# What are your earliest memories on Animal Crossing?



## thisistian (Dec 22, 2016)

When I first bought Wild World in December, I called my town Iceland. And I was surprised to see all that the whole town was covered in snow, which really suited 'Iceland' ^.^


----------



## mondogecko9 (Dec 22, 2016)

In New Leaf, the first one I bought myself, I spent hours jumping off the cliffs XD


----------



## Balverine (Dec 23, 2016)

when I and my kid brother shared a town on city folk, I remember him completely filling the town with gold roses w/o my consent and I stomped on them all and pretended it was an accident

I hate gold roses lmao

I also remember mailing myself a pair of 3d glasses for some reason, and then forgetting about it, then when I got them three months later I was like "??????? why???"


----------



## NinelivesBobcat (Dec 23, 2016)

The first thing I remember is naming my character and my town. Just kidding, that would be too obvious. Though I can tell a really old memory: So it was a few days after I first started playing Animal Crossing GCN and Mitzi told me to plant flowers around her house. I went ahead and planted flowers around her house and I talked to her then she rewarded me with something (I think it was furniture). Those flowers are still there to this day and I try my best not to trample them.


----------



## hamster (Dec 23, 2016)

don't really remember much. i would play with my sisters all the time on ww & when resetti came to ask for an apology i failed every time. i would get my sisters to help but i later came to the realisation you had to write it perfectly. i forgot & then it would take hours for us to figure it out


----------



## mayortiffany (Dec 24, 2016)

I remember having to work at Tom Nooks in Wild World and hoping the whole game wouldn't be like that. But at the same time, I took his tasks very seriously! I would spend so long meticulously writing a letter on the town bulletin board thinking all my villagers would read it and talk about it. 

I also remember being at a family vacation and meeting a distant cousin my age who also had the game. We'd spend hours playing Wild World together. He had hacked his town for the 99k bell bags appearing instead of weeds and gave me so many bags I had to put them outside! I thought he had legitimately gained them and was so impressed.


----------



## UnwrittenTale (Dec 25, 2016)

My earliest memory is being about seven years old, and being introduced to the gamecube version over a friend's house. I remember sitting on the train chatting with Rover, and the time after when I had seen Blanca I freaked out and ran and told her something was legitimately wrong with the game. I thought it forgot to load her face or something, it was so horrifying.

I also remember the stuff of legend; back when internet wasn't a big thing yet but you had what little GameFAQ's could provide you.
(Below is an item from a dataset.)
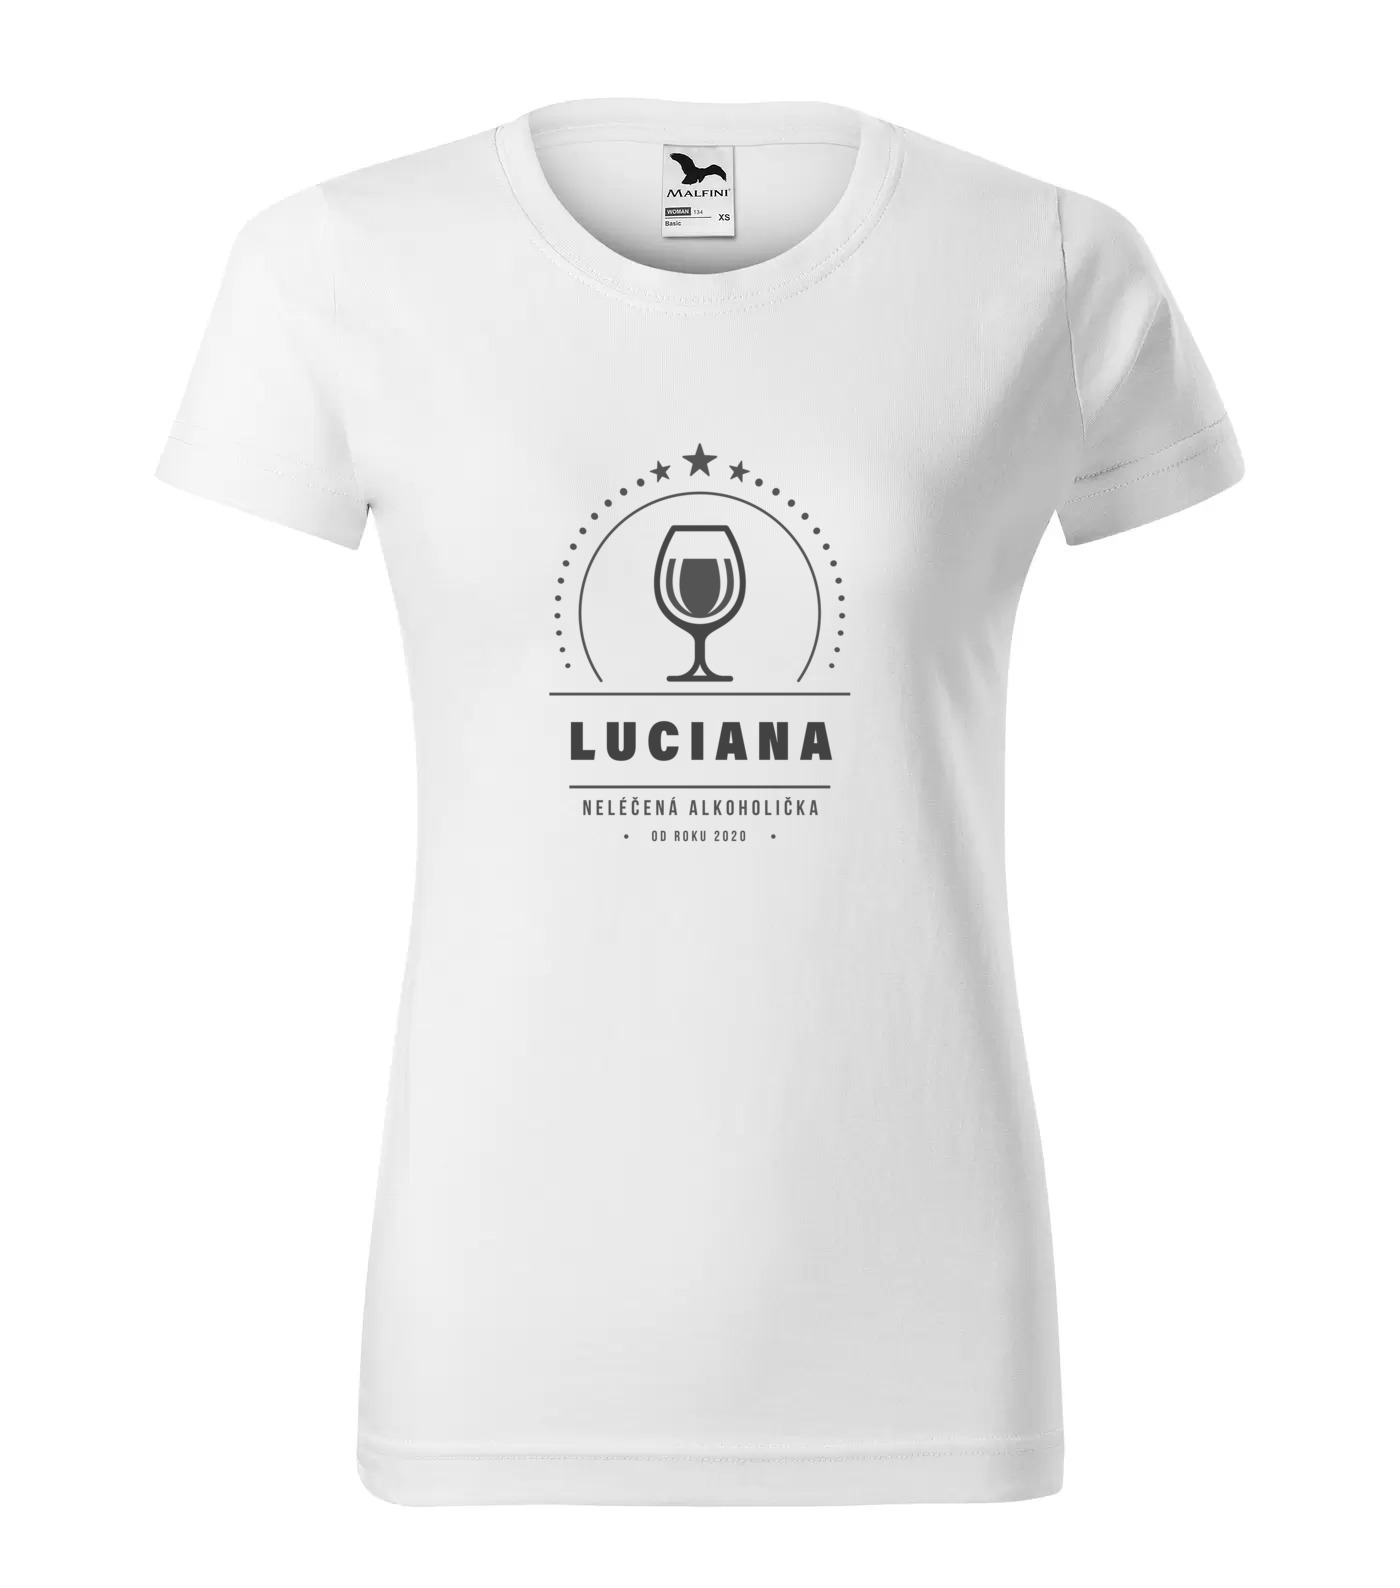 Tričko Alkoholička Luciana

I always thought putting those codes in for items was so cool, sitting there with a notepad and having them written down and trying them out. It was freaky when Tom Nook said my present had arrived from '!#@!%$^&'. Very freaky.

Anyone else remember the tale of Brutus? Or if you reset your game 60 times with Resetti, he would delete your save file? Me and my cousin were actually twisted enough to try that. XD Didn't work and we were disappointed, but still.

The first game always felt very mysterious and full of secrets and lore. Sending those key symbols to villagers with a specific code to get items, those hacked items like the fish, the airplanes, oh good heavens catching the whale was something I _dreamed_ about.


----------



## Lapsang (Dec 27, 2016)

my earliest memory of playing AC was renting the gamecube version from the local rental store and staying up for HOURS playing it... eventually i think the memory card was either full or stopped working so i couldn't save my game at all, so i would be really upset when i had to return it. i would beg my parents to go to the rental store so i could play it again! 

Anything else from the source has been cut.